Pero empecemos por el principio.
En la segunda mitad del siglo XIX, una pareja que gozó de una posición casi casi hegemónica en la Rusia de los Romanov. Lo único que en realidad les impedía estar dónde hubieran querido estar...en el pináculo de aquella extraordinaria pirámide social...era el hecho de que el hombre, Vladimir, había nacido como tercer hijo del zar Alexander II y su zarina, María Alexandrovna. En la línea de sucesión al trono, trazada de acuerdo a un orden de primogenitura, descendente de mayor a menor por rango de edad entre los varones, Vladimir estaba por detrás de sus hermanos Nicholas (apodado Nixa) y Alexander (llamado Sasha). Aunque Nixa se murió en plena juventud, devastado por una meningitis de origen tuberculoso, Sasha adquirió el rango de heredero de su padre.
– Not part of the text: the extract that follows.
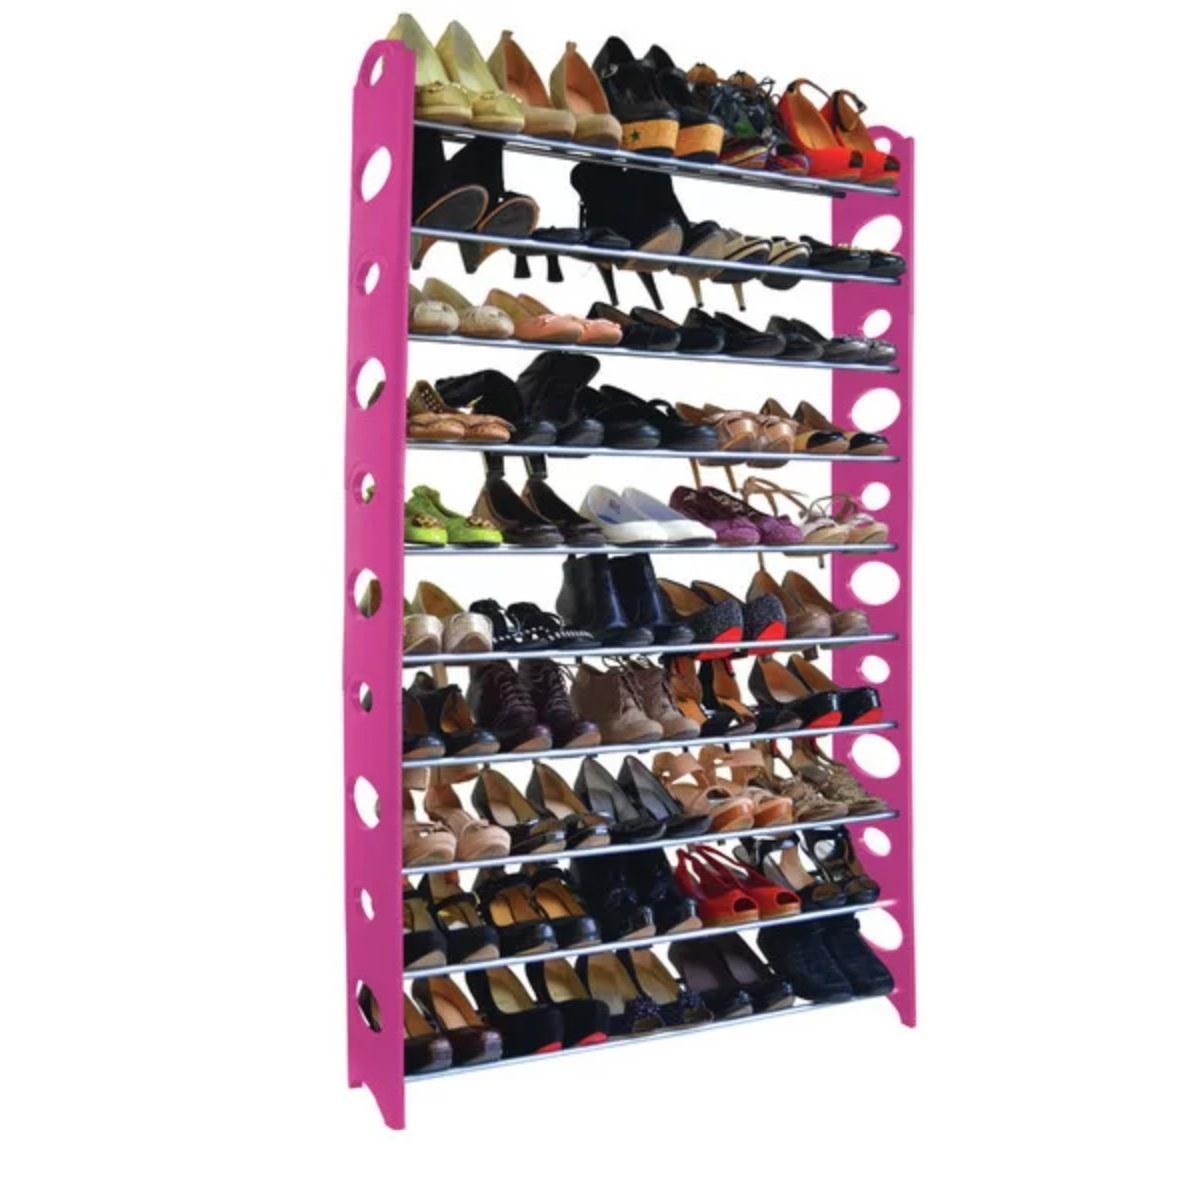 The tall shoe rack
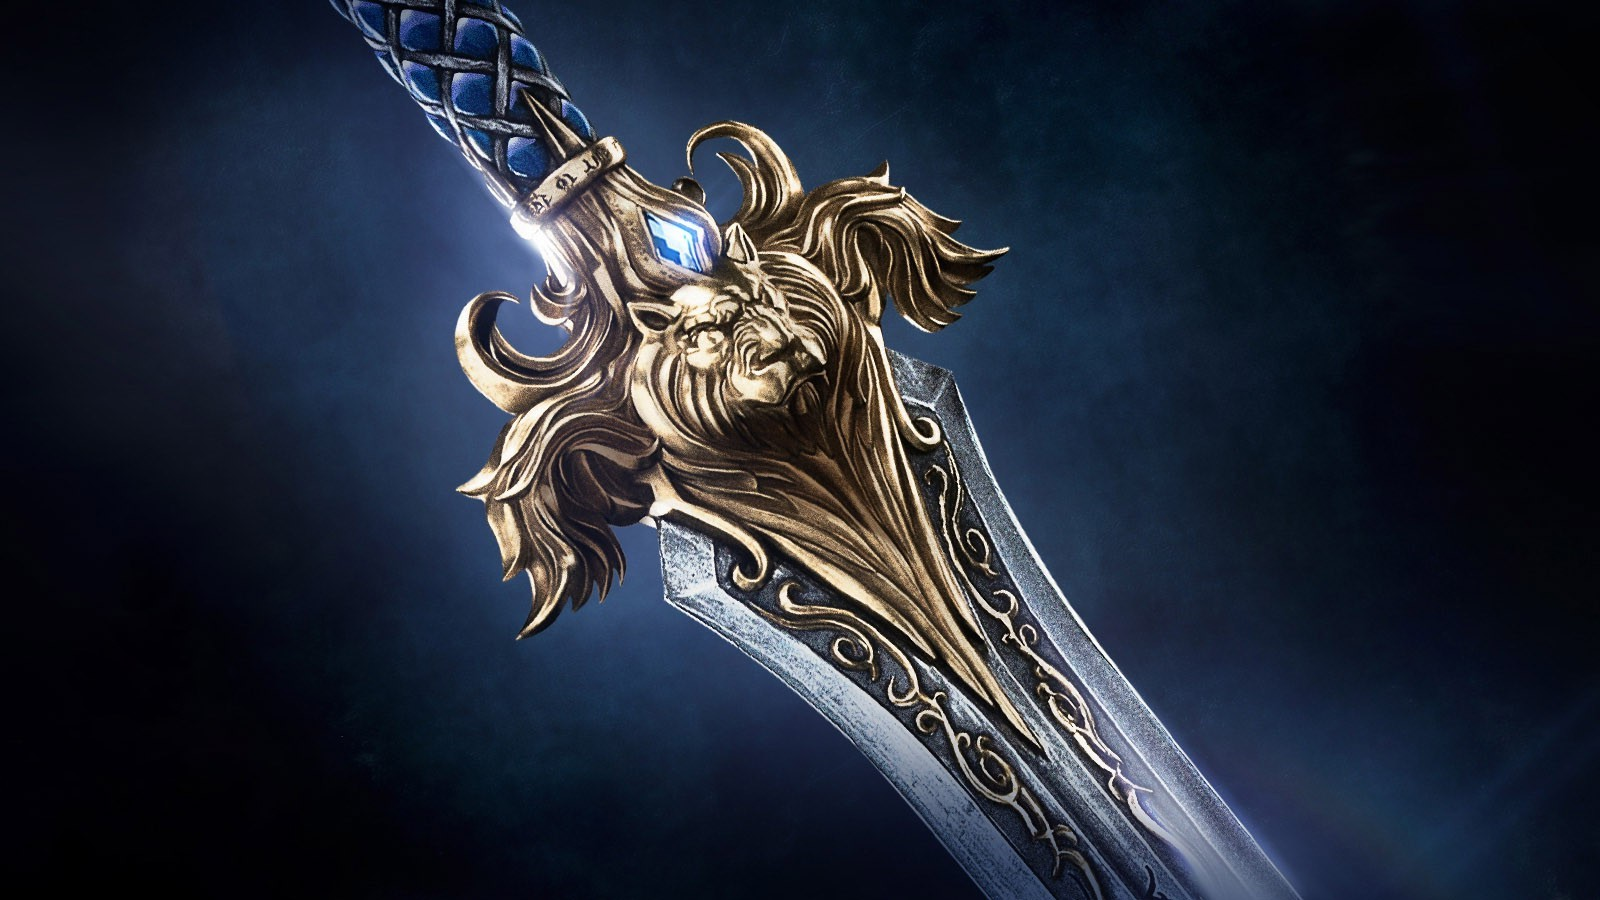 Alliance Warcraft World Of Warcraft Movies Sword Lion World Of

Por un momento, pareció dispuesto a renunciar a tal privilegio porque deseaba casarse con una joven y encantadora dama de palacio: Marie Elimovna Mestchersky.
Se produjo una tensa escena entre el zar Alexander II y Sasha. Al final, Sasha se doblegó ante la poderosa voluntad de su padre. Renunció a cualquier pretensión de desposar a Marie Elimovna Mestchersky. En cambio, marchó a Dinamarca para declararse a la princesa Dagmar, que había sido la prometida del difunto Nixa. Dagmar se transformó en María Feodorovna, la consorte del entonces zarevitch Alexander. Así que, obviamente, Alexander y su María Feodorovna, apodada Minnie, se encontraron en una situación predominante en la corte. No en vano estaban destinados a convertirse en zares.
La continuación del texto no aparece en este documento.